• [What is expected]:
The copy should begin at the line containing "1926 Harley Davidson" and end at the last line of the material. Please reproduce those lines exactly and keep pictures out.

• [Data shown]:
____

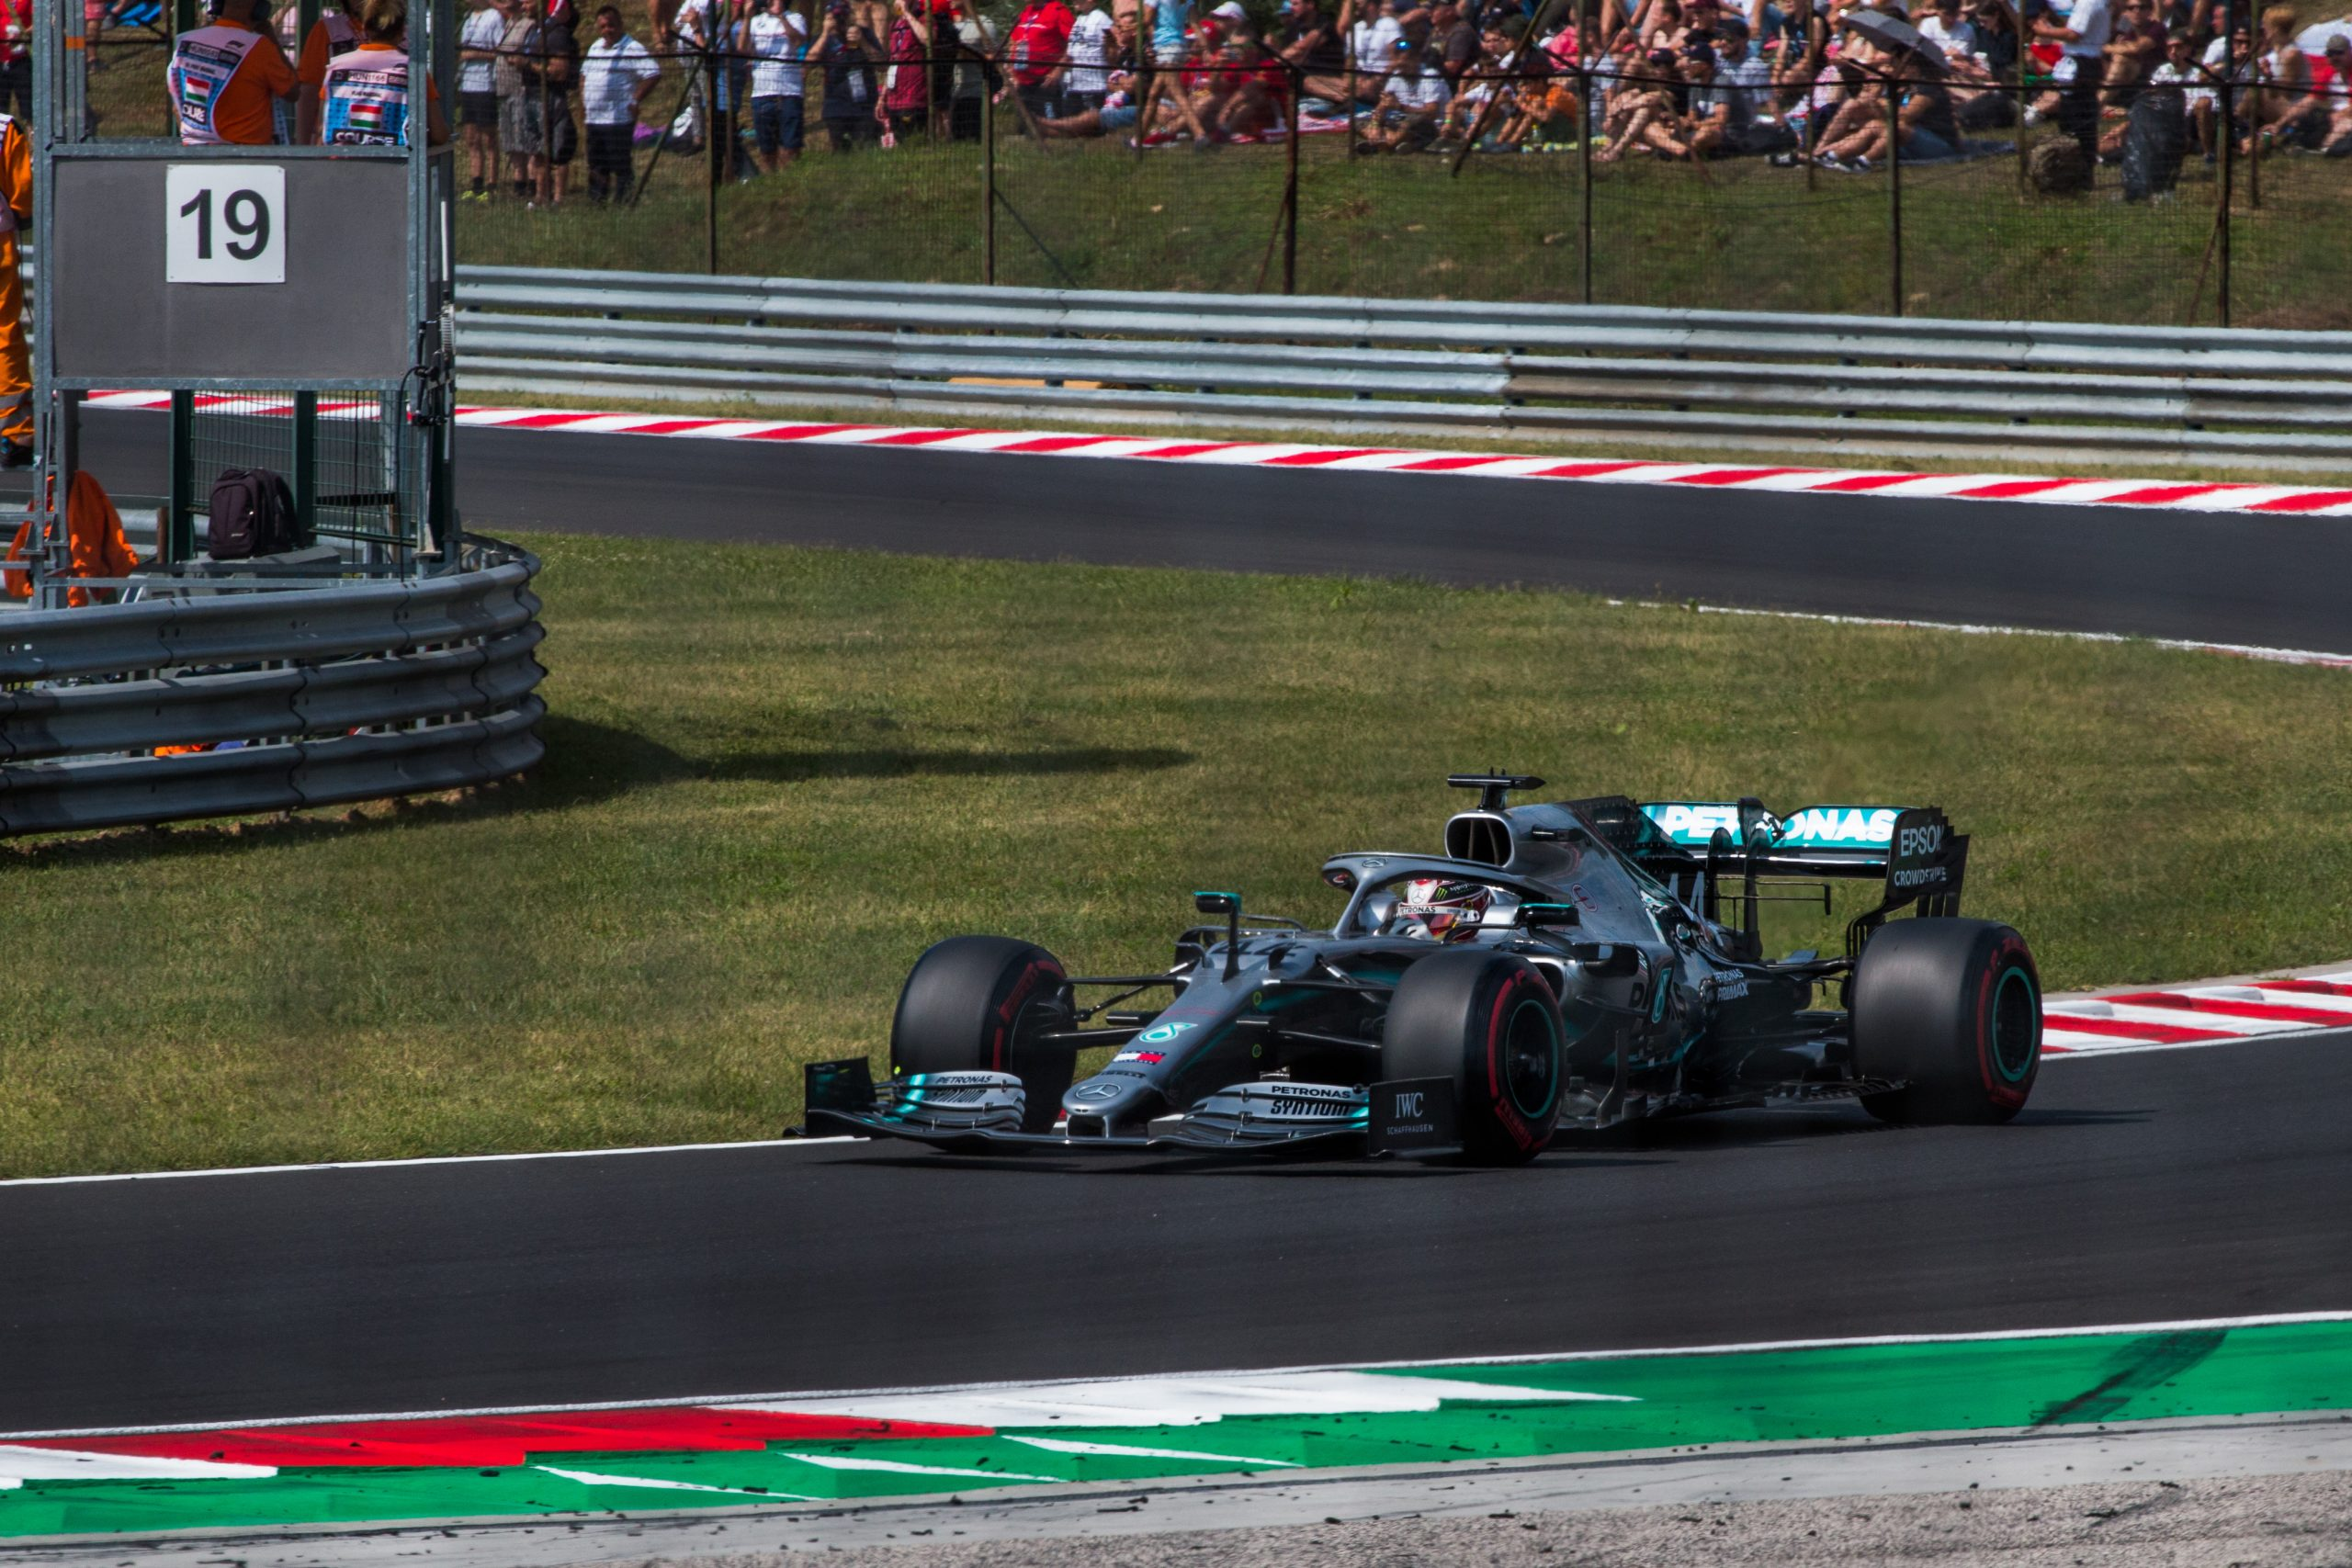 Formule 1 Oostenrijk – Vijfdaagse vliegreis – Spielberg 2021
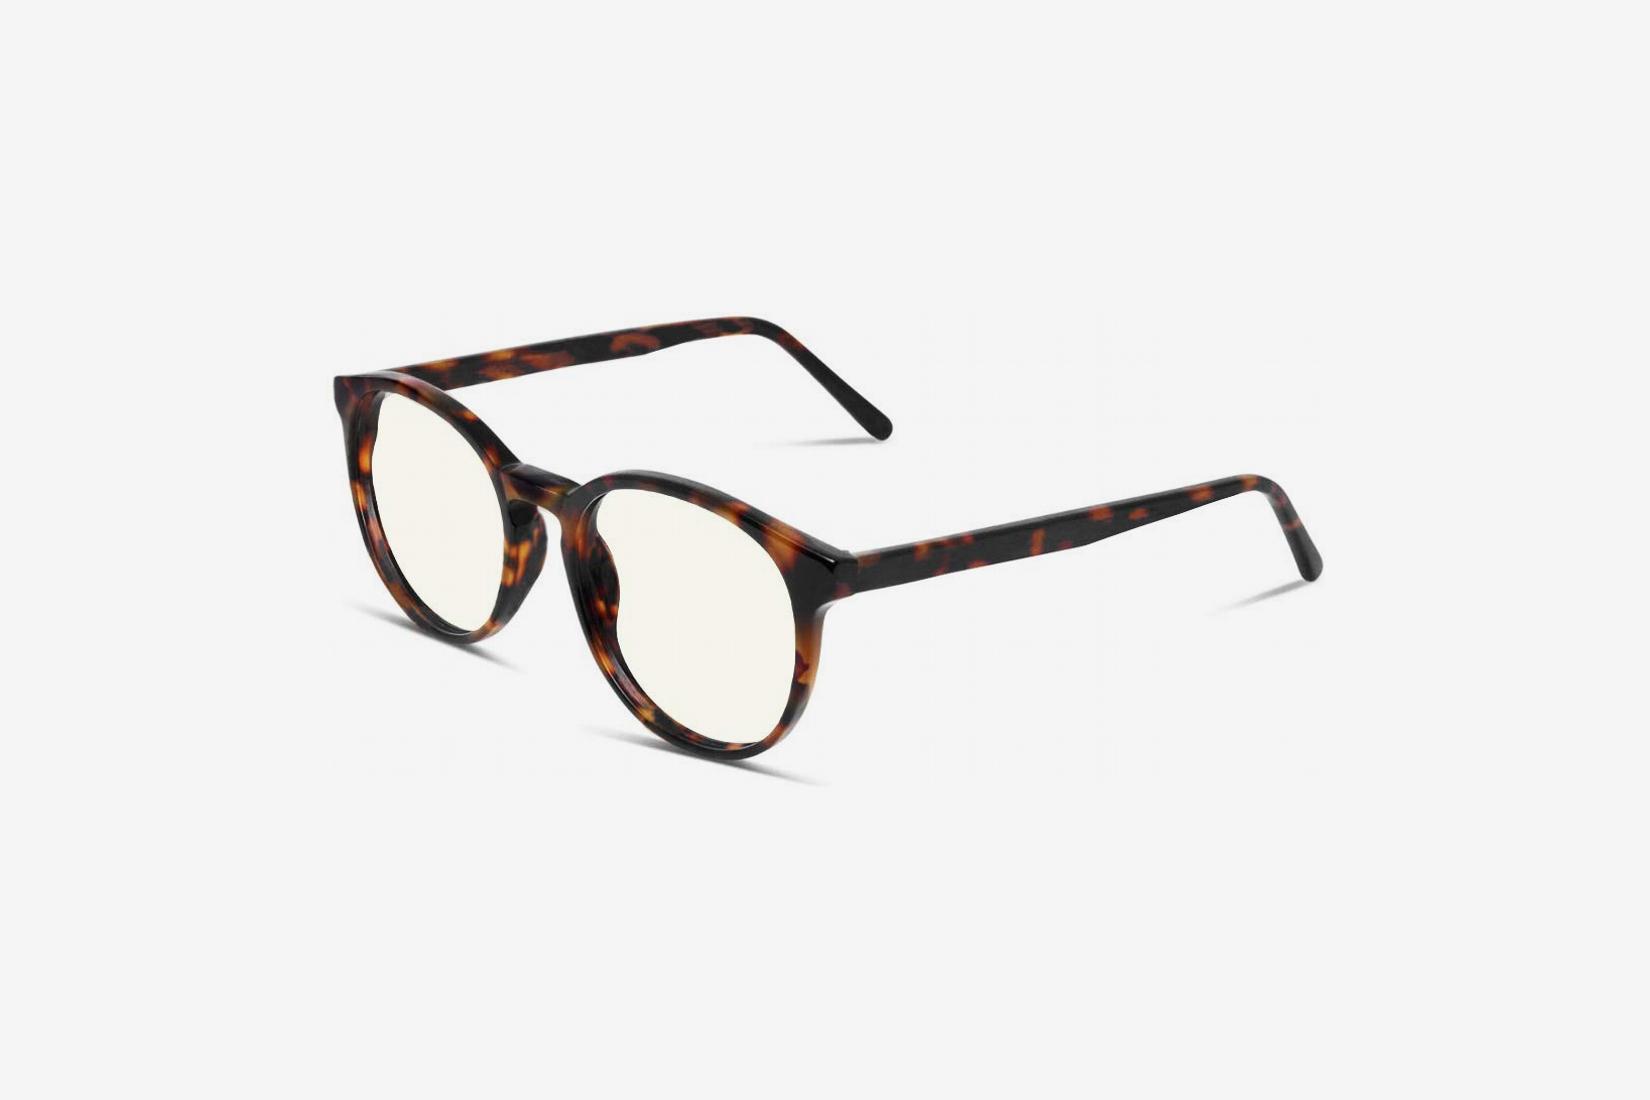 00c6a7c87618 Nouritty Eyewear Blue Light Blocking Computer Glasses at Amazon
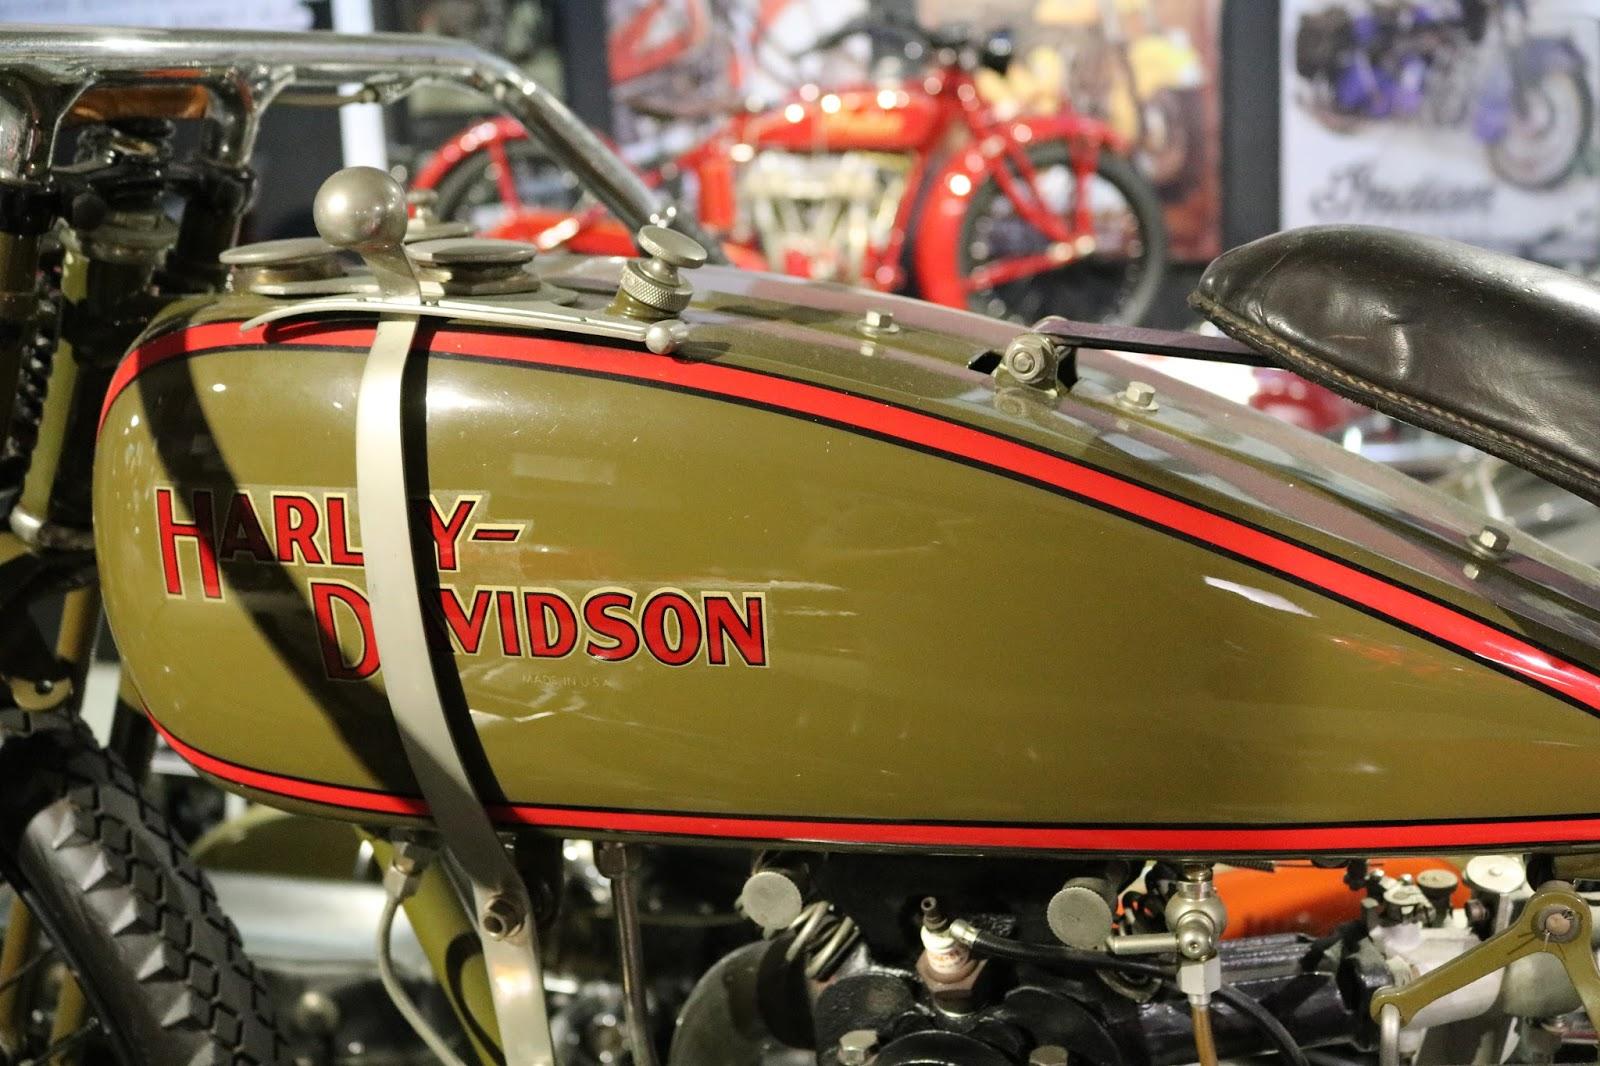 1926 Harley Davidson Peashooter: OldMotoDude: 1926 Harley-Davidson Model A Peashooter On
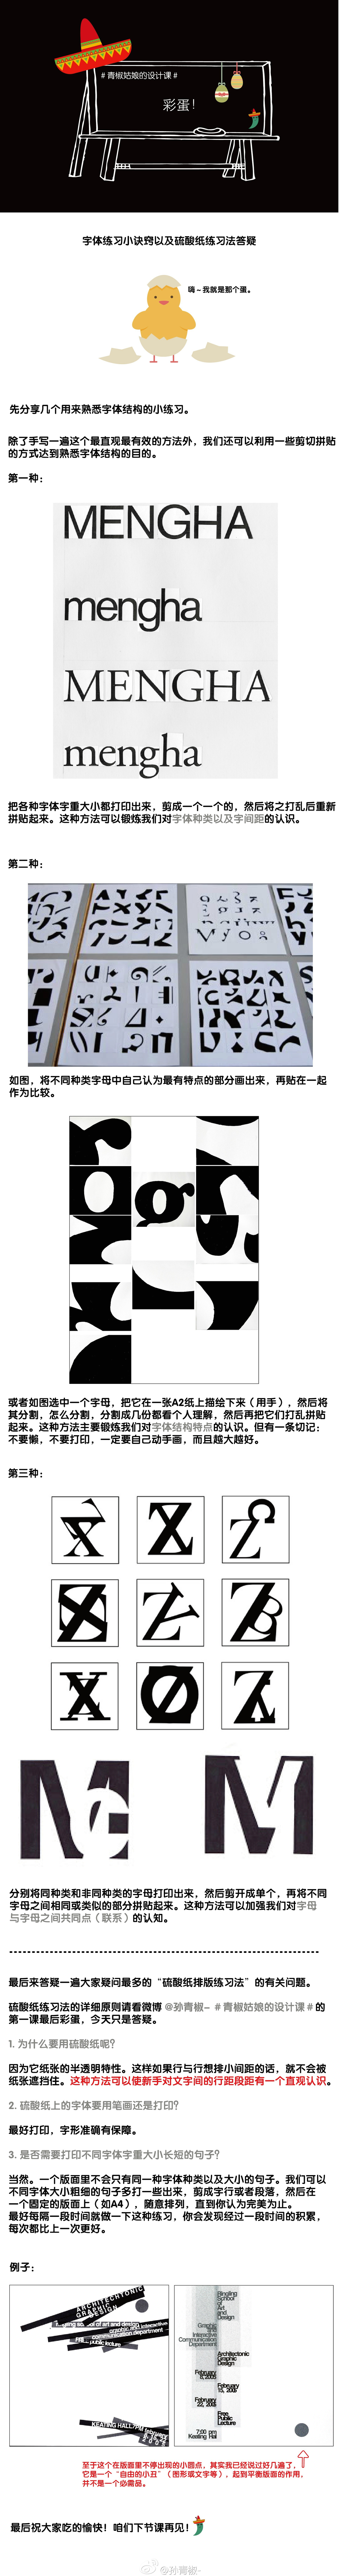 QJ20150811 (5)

____

• [Result of this exercise]:
 1926 Harley Davidson Peashooter: OldMotoDude: 1926 Harley-Davidson Model A Peashooter On
 QJ20150811 (5)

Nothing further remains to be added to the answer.